A three-man squad donned red commando berets and charged down to the machine room carrying large knives, Lincoln recalls. They slashed through the packaging, carried each box to a rack in the data center, plugged in power and network cords, inserted the magic floppy, and turned them on. The deadline was met. “I wish I had a picture,” he says.
Nerds on the Net
Still, Jackson and Lincoln admit, there are some problems a magic floppy and a lone systems administrator can’t solve. For instance, creating the magic floppy in the first place, or tailoring the software that brokers cooperation among a plethora of PCs to a particular hardware mix and configuration.
These are things for which Celera’s Peterson says he ungrudgingly pays to have Compaq at his side.
But Lincoln says that “thousands of nerds on the Net,” are at Incyte’s side. When a problem comes up with Linux or a Linux clustering application, he says, “I can get the guy who wrote a piece of software answering my questions. That’s never going to happen if I dial Sun’s 800 number.”
In particular, Lincoln says that Incyte has benefited from e-mail exchanges with the US National Center for Biotechnology Information in Bethesda, Md. The center’s BLAST tools were developed with an eye to Linux, and helping people run it is part of the institution’s mandate. “NCBI is an active part of the open source community,” he says.
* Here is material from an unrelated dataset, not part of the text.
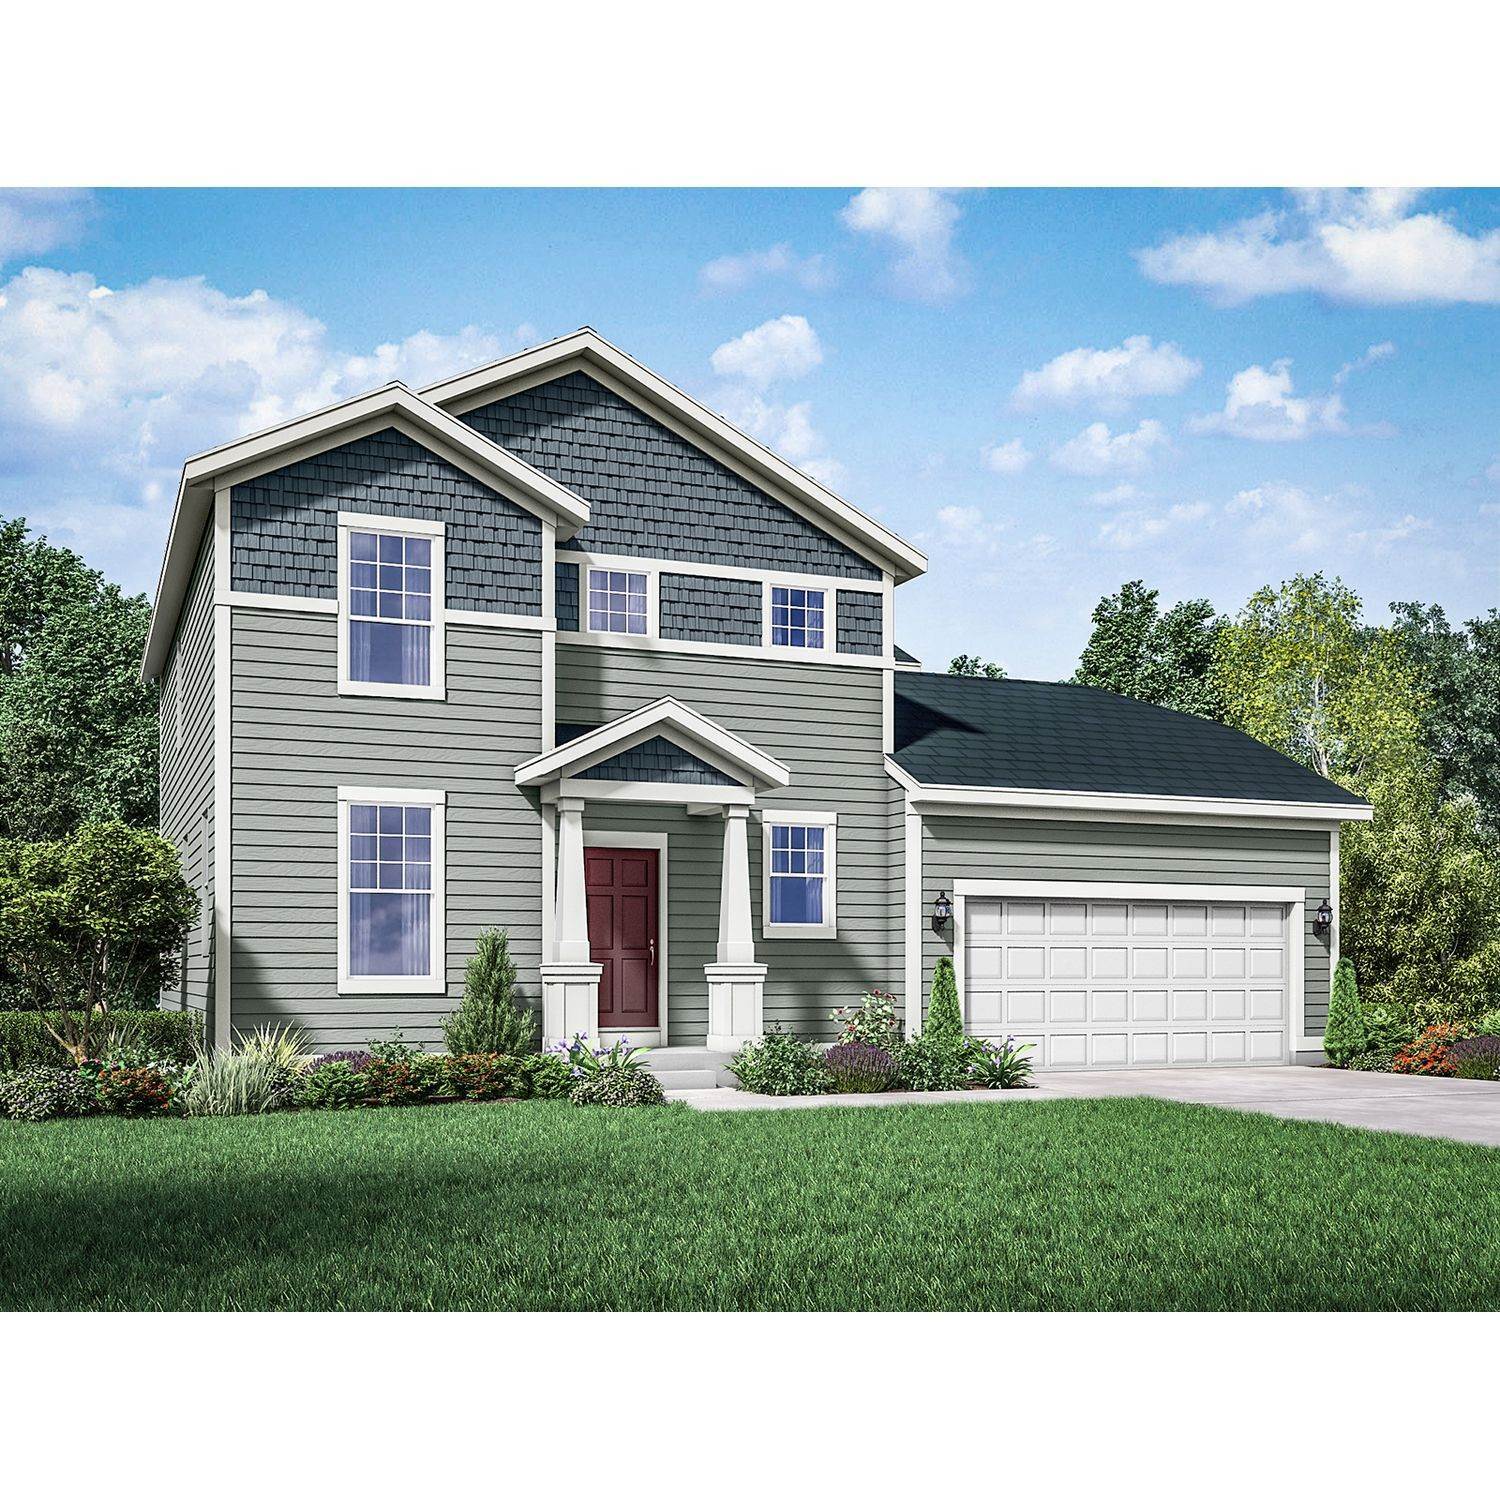 5. Single Family for Sale at Sun Prairie, WI 53590

So why don’t more companies rely on the online community of Linux developers? “FUD,” says Jackson. “Fear, uncertainty, doubt.”
Lincoln cites the adage “No one ever got fired for buying IBM,” then coins his own: “If your goal is to kick butt you’ve got to take chances.”
Incyte Loves Linux
On the data center tour, Lincoln traces the evolution of his Linux cluster: from single-Pentium PCs to compact “two-way boxes” to his newest sleek, horizontally mounted boxes that hold four processors each. Pointing to one he says, “This is what we call, crassly and with apologies, the 69 configuration.”
Two two-way boards are sandwiched head-to-toe. Front and rear panels of the three-inch-thick boxes sprout cables. A rack of them packs 96 processors into four square feet of floor space.
Incyte fills new racks about once every other month. Switching to notebook-computer boards would allow processors to be added at double density, Lincoln says. This would be cool, but there’s no rush, he adds. For now, Incyte’s got the floor space.
“Optimizing bang for the buck” is what this approach is all about, he says. Four-way boards and top-model Pentiums would violate the principle, as would assigning jobs to Pentiums that run more cost-effectively on Alphas. Already, assembly jobs involving more than 5,000 sequences are automatically diverted to the data center’s Compaq boxes.
To be sure, the reasons Incyte loves Linux go a little deeper than dollars. Lincoln and Jackson don’t try to hide their nerdy preference for the “roll-your-own” approach. But, citing homemade robots and off-the-shelf sequencers that the company’s teams have reengineered, Lincoln observes that the attitude has served the company well.